*Exercise*: Please write out the data exactly, line by line.

*Data extracted from a collection*:
▶

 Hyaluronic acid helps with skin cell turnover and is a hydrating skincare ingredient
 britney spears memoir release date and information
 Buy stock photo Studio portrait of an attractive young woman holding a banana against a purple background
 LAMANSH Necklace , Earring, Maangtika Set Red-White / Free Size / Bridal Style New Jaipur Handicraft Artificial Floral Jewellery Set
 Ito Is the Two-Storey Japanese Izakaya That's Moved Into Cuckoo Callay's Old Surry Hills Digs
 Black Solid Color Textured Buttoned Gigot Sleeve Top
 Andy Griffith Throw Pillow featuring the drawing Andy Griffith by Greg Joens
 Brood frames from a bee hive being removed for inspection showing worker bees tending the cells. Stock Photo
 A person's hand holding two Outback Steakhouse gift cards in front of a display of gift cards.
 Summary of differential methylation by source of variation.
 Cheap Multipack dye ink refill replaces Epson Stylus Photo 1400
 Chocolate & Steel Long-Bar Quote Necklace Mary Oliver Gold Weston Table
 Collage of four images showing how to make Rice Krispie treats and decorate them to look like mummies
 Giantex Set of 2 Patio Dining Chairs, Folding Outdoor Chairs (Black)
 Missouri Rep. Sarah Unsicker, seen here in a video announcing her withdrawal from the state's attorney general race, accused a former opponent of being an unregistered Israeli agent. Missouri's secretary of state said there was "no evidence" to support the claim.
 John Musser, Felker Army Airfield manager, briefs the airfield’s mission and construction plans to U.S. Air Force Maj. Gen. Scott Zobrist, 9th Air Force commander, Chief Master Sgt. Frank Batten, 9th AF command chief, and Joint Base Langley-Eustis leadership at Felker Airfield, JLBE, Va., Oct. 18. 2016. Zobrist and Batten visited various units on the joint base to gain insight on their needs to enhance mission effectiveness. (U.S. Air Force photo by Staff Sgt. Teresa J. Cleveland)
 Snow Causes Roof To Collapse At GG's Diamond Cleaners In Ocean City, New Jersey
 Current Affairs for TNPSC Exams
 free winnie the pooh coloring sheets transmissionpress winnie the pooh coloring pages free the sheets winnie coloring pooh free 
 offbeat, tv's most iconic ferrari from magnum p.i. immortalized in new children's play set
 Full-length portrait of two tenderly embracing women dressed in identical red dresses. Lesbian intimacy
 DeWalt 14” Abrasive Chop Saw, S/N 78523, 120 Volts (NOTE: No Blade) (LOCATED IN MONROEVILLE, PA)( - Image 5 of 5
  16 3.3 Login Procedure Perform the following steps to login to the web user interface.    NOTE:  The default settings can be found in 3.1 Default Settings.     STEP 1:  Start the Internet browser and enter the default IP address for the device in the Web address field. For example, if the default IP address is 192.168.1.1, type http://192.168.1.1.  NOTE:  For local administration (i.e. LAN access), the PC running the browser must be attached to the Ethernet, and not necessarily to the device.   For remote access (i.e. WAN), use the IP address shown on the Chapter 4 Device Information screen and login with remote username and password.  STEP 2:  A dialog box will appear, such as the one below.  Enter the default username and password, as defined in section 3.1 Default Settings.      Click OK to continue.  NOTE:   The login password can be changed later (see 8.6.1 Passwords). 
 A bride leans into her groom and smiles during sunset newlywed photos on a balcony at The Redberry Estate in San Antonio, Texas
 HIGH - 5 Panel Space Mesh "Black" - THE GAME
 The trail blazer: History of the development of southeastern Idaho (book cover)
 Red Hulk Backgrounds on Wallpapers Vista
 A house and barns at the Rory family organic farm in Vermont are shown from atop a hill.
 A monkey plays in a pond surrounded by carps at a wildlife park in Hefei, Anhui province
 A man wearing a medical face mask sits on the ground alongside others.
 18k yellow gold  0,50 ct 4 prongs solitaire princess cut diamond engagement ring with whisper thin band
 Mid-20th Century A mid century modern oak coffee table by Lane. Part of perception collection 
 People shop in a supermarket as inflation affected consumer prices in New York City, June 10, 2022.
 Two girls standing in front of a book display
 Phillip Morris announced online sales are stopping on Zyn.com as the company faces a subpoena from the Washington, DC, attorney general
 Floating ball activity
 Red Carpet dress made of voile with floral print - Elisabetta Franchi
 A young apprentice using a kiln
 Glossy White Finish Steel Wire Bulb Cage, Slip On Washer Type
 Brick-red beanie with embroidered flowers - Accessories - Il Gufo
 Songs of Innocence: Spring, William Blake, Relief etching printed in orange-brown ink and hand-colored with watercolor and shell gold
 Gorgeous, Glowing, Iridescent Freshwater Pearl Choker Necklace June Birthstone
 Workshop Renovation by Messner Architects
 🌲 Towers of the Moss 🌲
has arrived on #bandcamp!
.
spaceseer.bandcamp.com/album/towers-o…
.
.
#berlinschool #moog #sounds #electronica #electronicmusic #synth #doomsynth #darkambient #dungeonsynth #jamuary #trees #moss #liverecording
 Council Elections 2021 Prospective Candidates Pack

◀

*Written response*:
 Hyaluronic acid helps with skin cell turnover and is a hydrating skincare ingredient
 britney spears memoir release date and information
 Buy stock photo Studio portrait of an attractive young woman holding a banana against a purple background
 LAMANSH Necklace , Earring, Maangtika Set Red-White / Free Size / Bridal Style New Jaipur Handicraft Artificial Floral Jewellery Set
 Ito Is the Two-Storey Japanese Izakaya That's Moved Into Cuckoo Callay's Old Surry Hills Digs
 Black Solid Color Textured Buttoned Gigot Sleeve Top
 Andy Griffith Throw Pillow featuring the drawing Andy Griffith by Greg Joens
 Brood frames from a bee hive being removed for inspection showing worker bees tending the cells. Stock Photo
 A person's hand holding two Outback Steakhouse gift cards in front of a display of gift cards.
 Summary of differential methylation by source of variation.
 Cheap Multipack dye ink refill replaces Epson Stylus Photo 1400
 Chocolate & Steel Long-Bar Quote Necklace Mary Oliver Gold Weston Table
 Collage of four images showing how to make Rice Krispie treats and decorate them to look like mummies
 Giantex Set of 2 Patio Dining Chairs, Folding Outdoor Chairs (Black)
 Missouri Rep. Sarah Unsicker, seen here in a video announcing her withdrawal from the state's attorney general race, accused a former opponent of being an unregistered Israeli agent. Missouri's secretary of state said there was "no evidence" to support the claim.
 John Musser, Felker Army Airfield manager, briefs the airfield’s mission and construction plans to U.S. Air Force Maj. Gen. Scott Zobrist, 9th Air Force commander, Chief Master Sgt. Frank Batten, 9th AF command chief, and Joint Base Langley-Eustis leadership at Felker Airfield, JLBE, Va., Oct. 18. 2016. Zobrist and Batten visited various units on the joint base to gain insight on their needs to enhance mission effectiveness. (U.S. Air Force photo by Staff Sgt. Teresa J. Cleveland)
 Snow Causes Roof To Collapse At GG's Diamond Cleaners In Ocean City, New Jersey
 Current Affairs for TNPSC Exams
 free winnie the pooh coloring sheets transmissionpress winnie the pooh coloring pages free the sheets winnie coloring pooh free 
 offbeat, tv's most iconic ferrari from magnum p.i. immortalized in new children's play set
 Full-length portrait of two tenderly embracing women dressed in identical red dresses. Lesbian intimacy
 DeWalt 14” Abrasive Chop Saw, S/N 78523, 120 Volts (NOTE: No Blade) (LOCATED IN MONROEVILLE, PA)( - Image 5 of 5
  16 3.3 Login Procedure Perform the following steps to login to the web user interface.    NOTE:  The default settings can be found in 3.1 Default Settings.     STEP 1:  Start the Internet browser and enter the default IP address for the device in the Web address field. For example, if the default IP address is 192.168.1.1, type http://192.168.1.1.  NOTE:  For local administration (i.e. LAN access), the PC running the browser must be attached to the Ethernet, and not necessarily to the device.   For remote access (i.e. WAN), use the IP address shown on the Chapter 4 Device Information screen and login with remote username and password.  STEP 2:  A dialog box will appear, such as the one below.  Enter the default username and password, as defined in section 3.1 Default Settings.      Click OK to continue.  NOTE:   The login password can be changed later (see 8.6.1 Passwords). 
 A bride leans into her groom and smiles during sunset newlywed photos on a balcony at The Redberry Estate in San Antonio, Texas
 HIGH - 5 Panel Space Mesh "Black" - THE GAME
 The trail blazer: History of the development of southeastern Idaho (book cover)
 Red Hulk Backgrounds on Wallpapers Vista
 A house and barns at the Rory family organic farm in Vermont are shown from atop a hill.
 A monkey plays in a pond surrounded by carps at a wildlife park in Hefei, Anhui province
 A man wearing a medical face mask sits on the ground alongside others.
 18k yellow gold  0,50 ct 4 prongs solitaire princess cut diamond engagement ring with whisper thin band
 Mid-20th Century A mid century modern oak coffee table by Lane. Part of perception collection 
 People shop in a supermarket as inflation affected consumer prices in New York City, June 10, 2022.
 Two girls standing in front of a book display
 Phillip Morris announced online sales are stopping on Zyn.com as the company faces a subpoena from the Washington, DC, attorney general
 Floating ball activity
 Red Carpet dress made of voile with floral print - Elisabetta Franchi
 A young apprentice using a kiln
 Glossy White Finish Steel Wire Bulb Cage, Slip On Washer Type
 Brick-red beanie with embroidered flowers - Accessories - Il Gufo
 Songs of Innocence: Spring, William Blake, Relief etching printed in orange-brown ink and hand-colored with watercolor and shell gold
 Gorgeous, Glowing, Iridescent Freshwater Pearl Choker Necklace June Birthstone
 Workshop Renovation by Messner Architects
 🌲 Towers of the Moss 🌲
has arrived on #bandcamp!
.
spaceseer.bandcamp.com/album/towers-o…
.
.
#berlinschool #moog #sounds #electronica #electronicmusic #synth #doomsynth #darkambient #dungeonsynth #jamuary #trees #moss #liverecording
 Council Elections 2021 Prospective Candidates Pack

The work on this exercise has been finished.